Department of Orthopedics, Klinikum rechts der Isar, Technical University Munich, Munich, Germany.
Hospital for Special Surgery, New York, NY, USA.
J Biol Regul Homeost Agents. 2019 Jul-Aug;33(4):1105-1111.
The adapter protein myeloid differentiation primary response gene 88 (MyD88) links the intracellular domains of interleukin receptors 1 and 18, and most Toll-like receptors (TLRs) to interleukin 1 receptor associated kinase (IRAK) signaling and subsequent NF-κB-mediated transcription. Previous work showed that mice with global deficiency of MyD88 (MyD88) have osteopenic cancellous bone along with a reduction in osteoblastic but also osteoclastic surfaces. To further elucidate the role of MyD88 in bone, we utilized mice with osteoclast-restricted MyD88 expression in bone (MyD88). Bones of MyD88 and wild type (wt) mice were examined by microCT analysis. Mechanical properties of bones were tested by three-point bending, and gene expression measured using quantitative real-time polymerase chain reaction. In MyD88 mice, no osteopenic traits were observed, however, a drastic reduction in geometric parameters was detected. In trabecular bone a loss of connectivity density (-44%, p less than 0.0001) was measured and in cortical bone Imax (-31%, p less than 0.0001), Imin (-20%, p less than 0.001), J (-26%, p less than 0.0001) were reduced. Mechanical testing showed increased load to failure (77%, p less than 0.01) and decreased deflection at failure (-68%, p less than 0.01) of the femur. On the molecular level, relative gene expression analysis showed a (-29%, p less than 0.01) reduction in receptor activator of nuclear factor κ B ligand (RANKL) and no difference in osteoprotegerin (OPG) or RANK. Further, the bone resorption markers cathepsin K (CTSK) and tartrate-resistant acid phosphatase 5 (TRAP) were unchanged. In contrast, the bone formation markers collagen type 1 (COL1A1) and osteocalcin (OC) were decreased by -72% (p less than 0.0001) and -82% (p less than 0.0001), respectively. Together, our data suggests that the function of MyD88 in osteoclasts is sufficient to maintain bone mass, while it fails to preserve bone geometry, likely through dysfunctions in osteoblasts.

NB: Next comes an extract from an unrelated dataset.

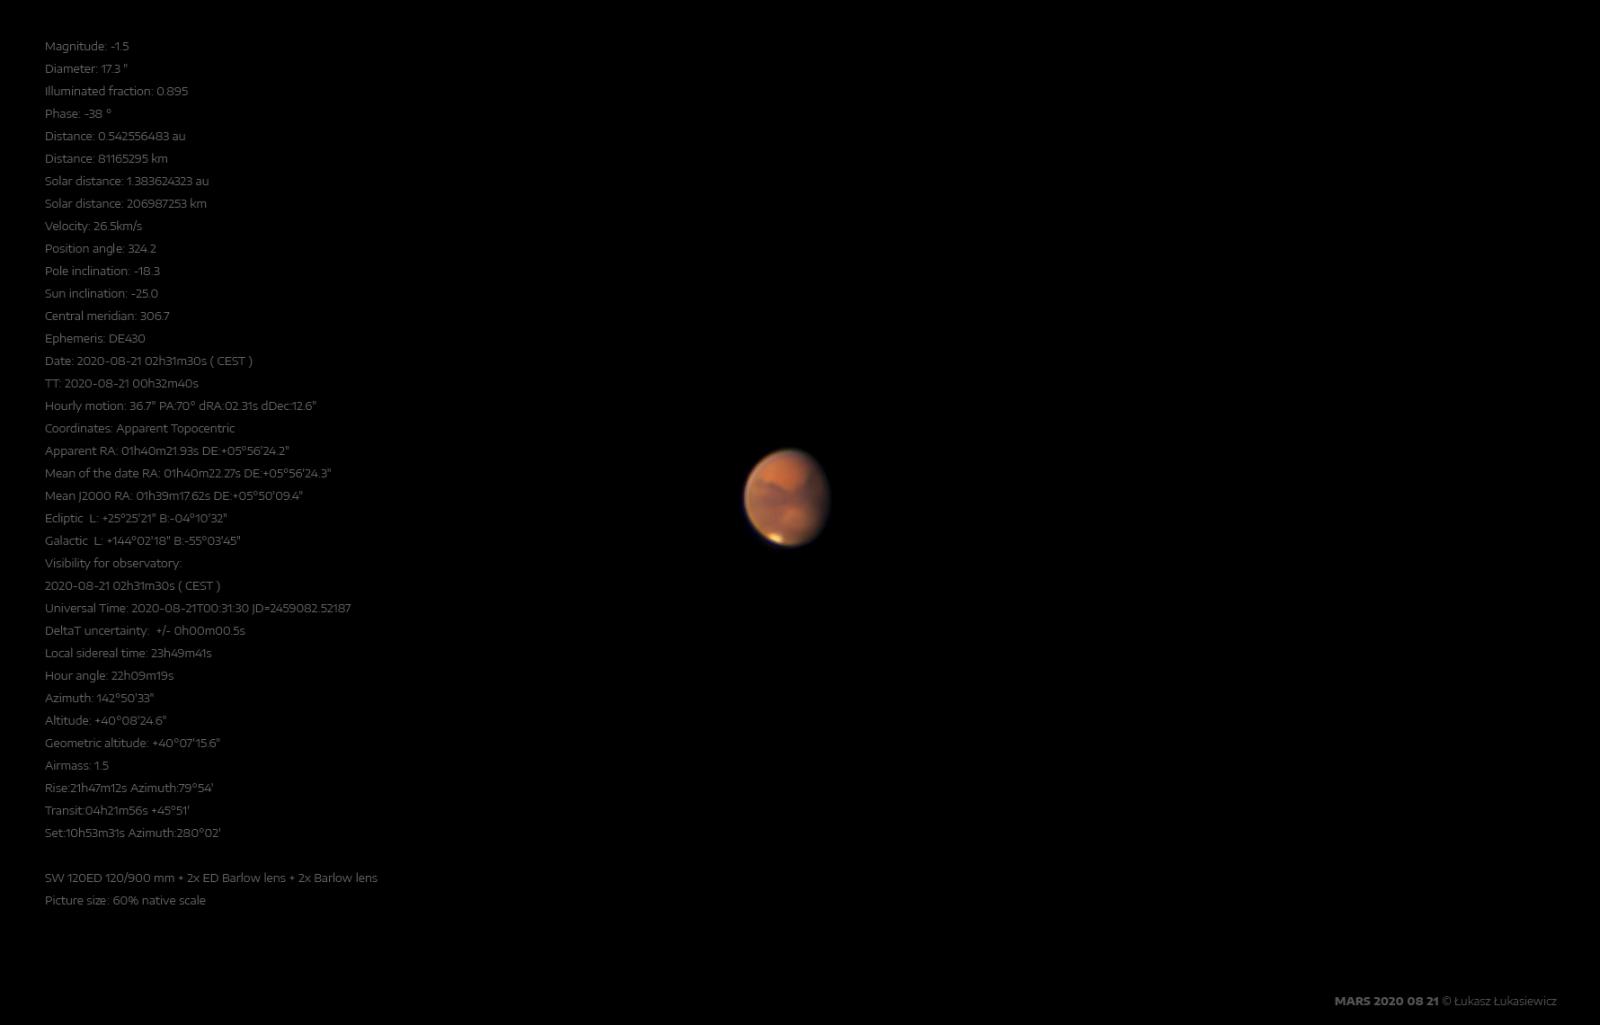 MARS-2020-08-21d.png

衔接蛋白髓样分化初级反应基因 88(MyD88)将白细胞介素受体 1 和 18 的细胞内结构域与白细胞介素 1 受体相关激酶(IRAK)信号转导和随后的 NF-κB 介导的转录联系起来。以前的工作表明,MyD88 全身性缺乏的小鼠(MyD88)的松质骨呈骨质疏松表现,同时成骨细胞和破骨细胞表面减少。为了进一步阐明 MyD88 在骨骼中的作用,我们利用骨骼中破骨细胞特异性表达 MyD88 的小鼠(MyD88)进行研究。使用 microCT 分析检测 MyD88 和野生型(wt)小鼠的骨骼。通过三点弯曲测试来检测骨骼的力学性能,并使用定量实时聚合酶链反应来测量基因表达。在 MyD88 小鼠中,未观察到骨质疏松特征,但检测到几何参数的急剧减少。在小梁骨中,检测到连接密度丧失(-44%,p<0.0001),在皮质骨中,Imax(-31%,p<0.0001)、Imin(-20%,p<0.001)、J(-26%,p<0.0001)减少。力学测试显示股骨的失效负载增加(77%,p<0.01),失效挠度减少(-68%,p<0.01)。在分子水平上,相对基因表达分析显示核因子 κ B 受体激活剂(RANKL)减少(-29%,p<0.01),而骨保护素(OPG)或 RANK 无差异。此外,骨吸收标志物组织蛋白酶 K(CTSK)和抗酒石酸酸性磷酸酶 5(TRAP)没有变化。相反,骨形成标志物胶原 1 型(COL1A1)和骨钙素(OC)分别减少了-72%(p<0.0001)和-82%(p<0.0001)。总之,我们的数据表明,MyD88 在破骨细胞中的功能足以维持骨量,而不能维持骨几何形状,这可能是通过成骨细胞功能障碍引起的。